Effect of Fe/Co ratio on the microstructure and properties of a typical FeCo-based amorphous alloys

In this current study, the effect of various Fe/Co ratios on microstructure, thermal stability, microhardness, corrosion resistance and soft magnetic properties of FexCo7(2-x)Y(3)Si(10)B(15) (x = 8, 12, 18, 24 and 36 at.%) amorphous alloy ribbons was investigated. Due to the similar atomic radii of Fe and Co ferromagnetic elements, we have prepared a series of glassy alloy ribbons with different Fe/Co ratios through single roller melt-spinning method and have determined their phase structures, thermal stability, microhardness, soft magnetic and anticorrosion properties. Results present that the alloy ribbons with 36 at.% Fe can maintain fully amorphous state, while there are not only broad peaks at about 2 theta = 45 but also sharp crystallization peaks at 2 theta = 66 existing for the other four ribbon samples. The thermal stability of alloy ribbons gradually increases with the augmentation of Fe content. The maximum crystallization onset temperature under the heating condition of 20 K/min is about 911.0 K for Fe(36)Co(36)Y3Si(10)B(15) alloy specimen. The average microhardness of these amorphous ribbons in as-spun state and after immersed in 3.5 wt% NaCl solution for 30 h can be up to 1567 HV0.1 and 1147 HV0.1 or above, respectively. Besides, the microstructural characterization of ribbon surface with various Fe/Co ratios in as-received and corroded states was used by scanning electron microscopy. Altering Fe/Co ratios can also improve the anti-corrosion and soft magnetic performances of alloy ribbons. The most positive self -corrosion potential and the smallest corrosion current density are approximately -0.551 V and 2.685 mu A/cm(2) for Fe24Co48Y3Si10B15 amorphous alloy ribbons.

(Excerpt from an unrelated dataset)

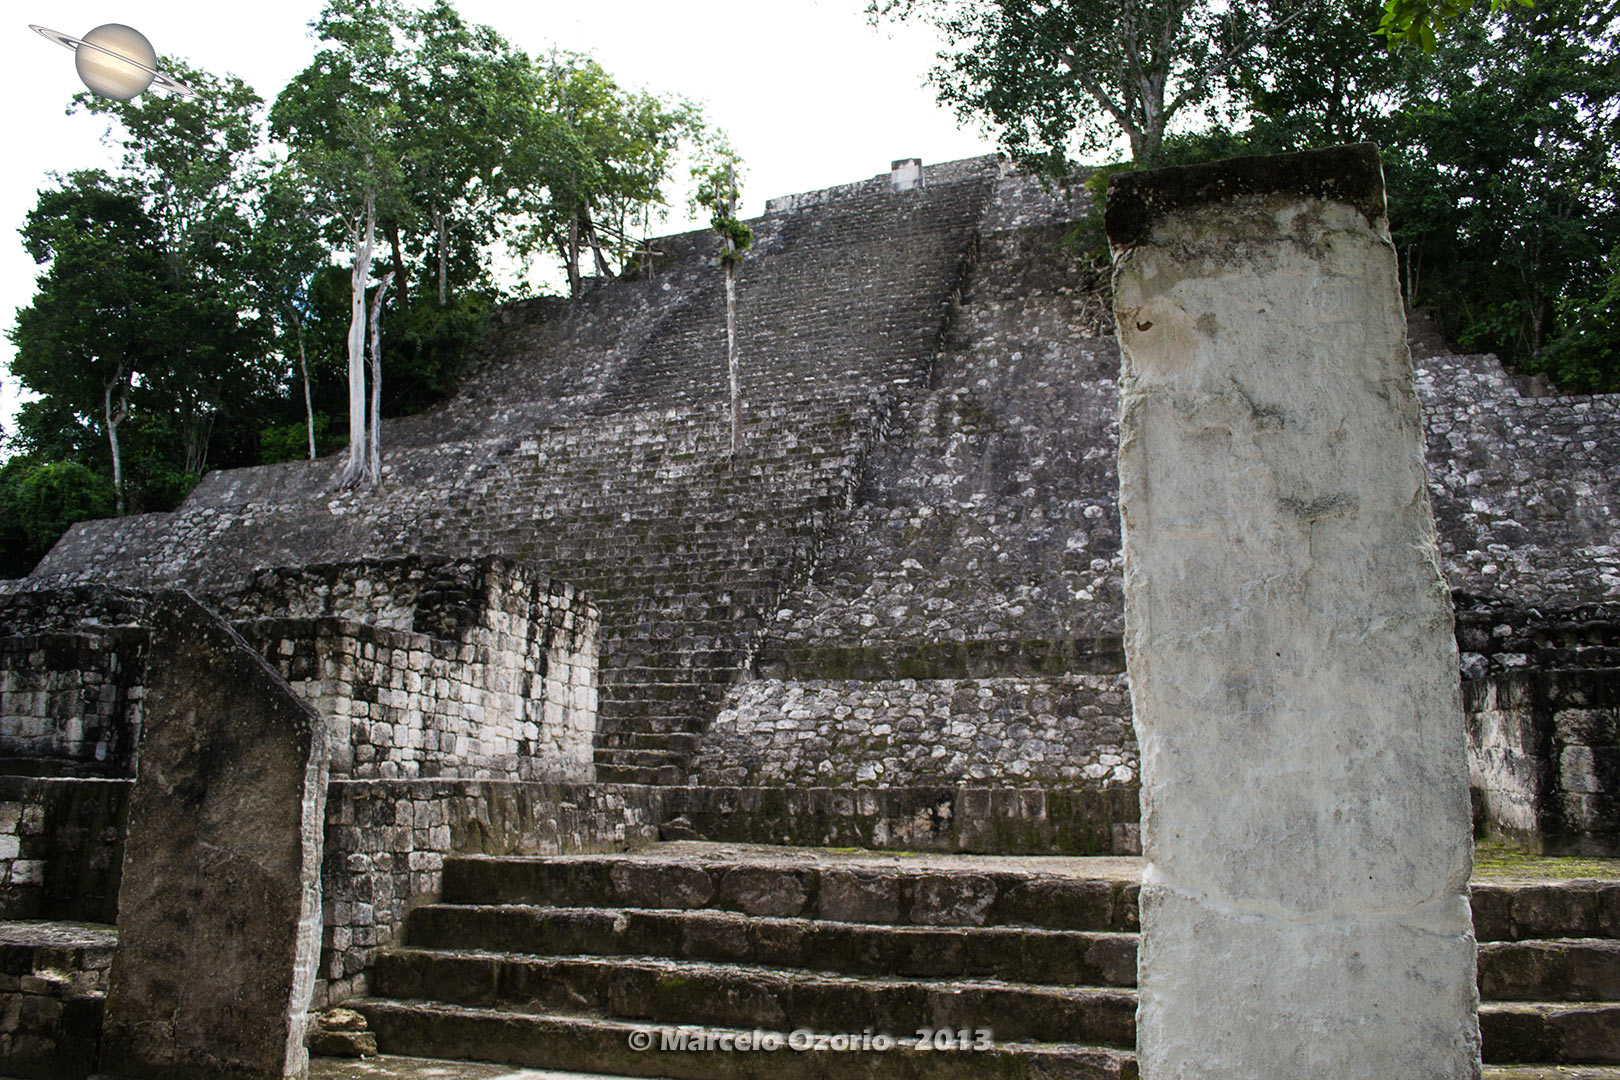 calakmul mayan civilization mexico 26 - Calakmul, City of the Two Adjacent Pyramids - Mexico
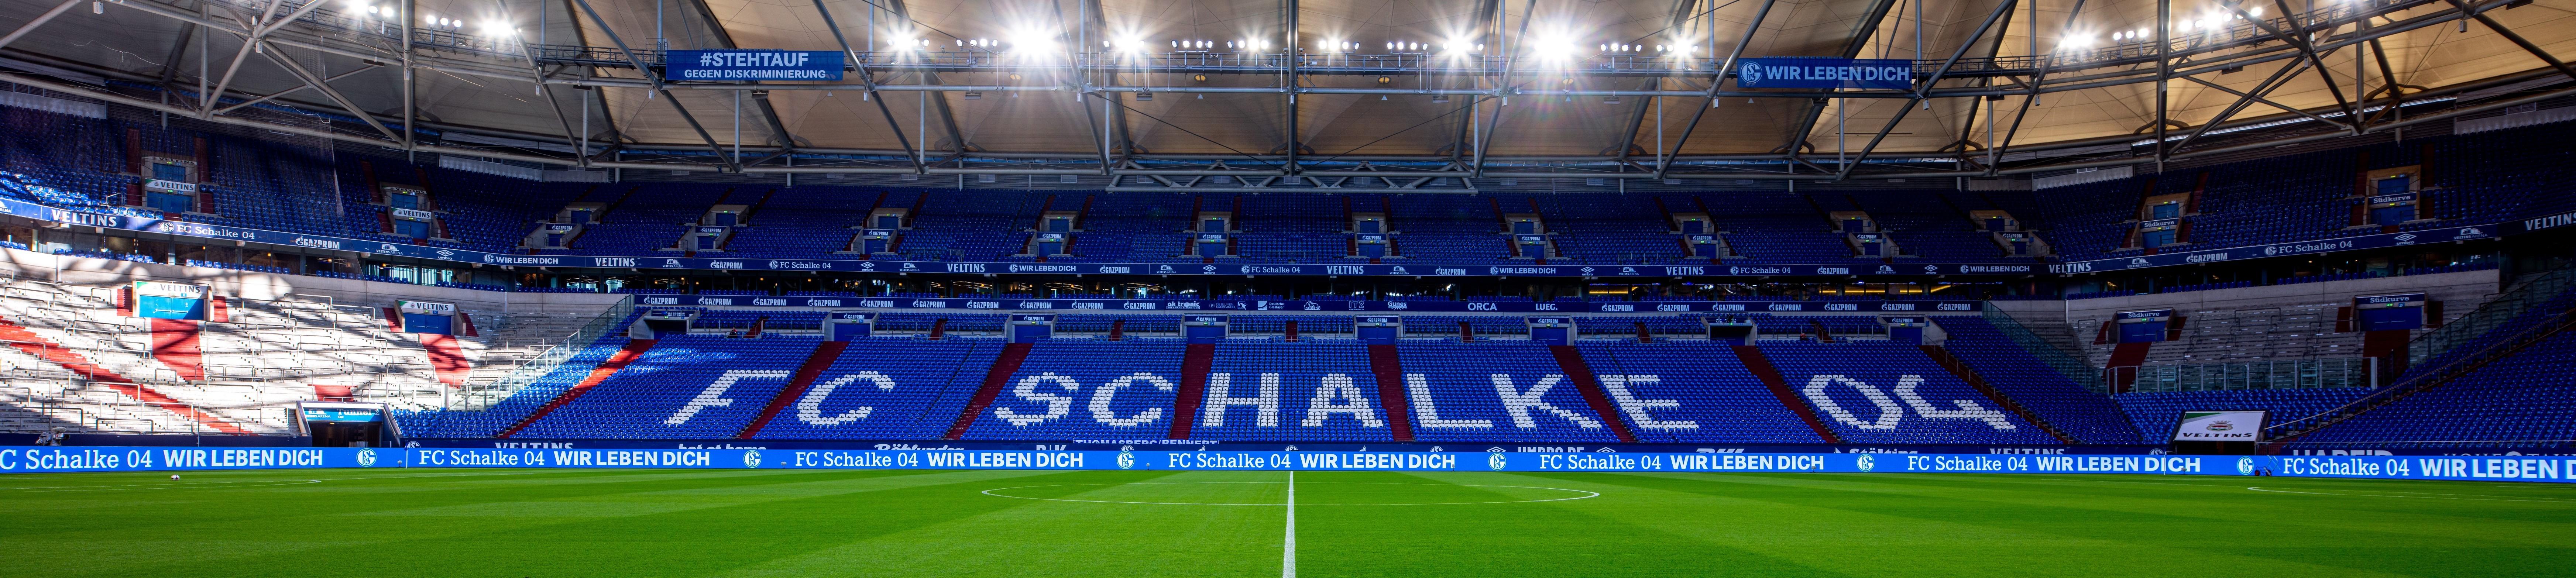 Fc Schalke 04 Linkedin

The maximum saturation magnetic flux density is 0.92 T when Fe/ Co ratio reaches 1:1. Thus, it can be summarized that FeCoYSiB amorphous alloy ribbons with proper Fe/Co ratio possess the better anti-corrosion property, high microhardness, superior thermal stability and acceptable soft magnetic properties simultaneously, which might broaden possibilities for the development and engineering application of high-performance metal materials.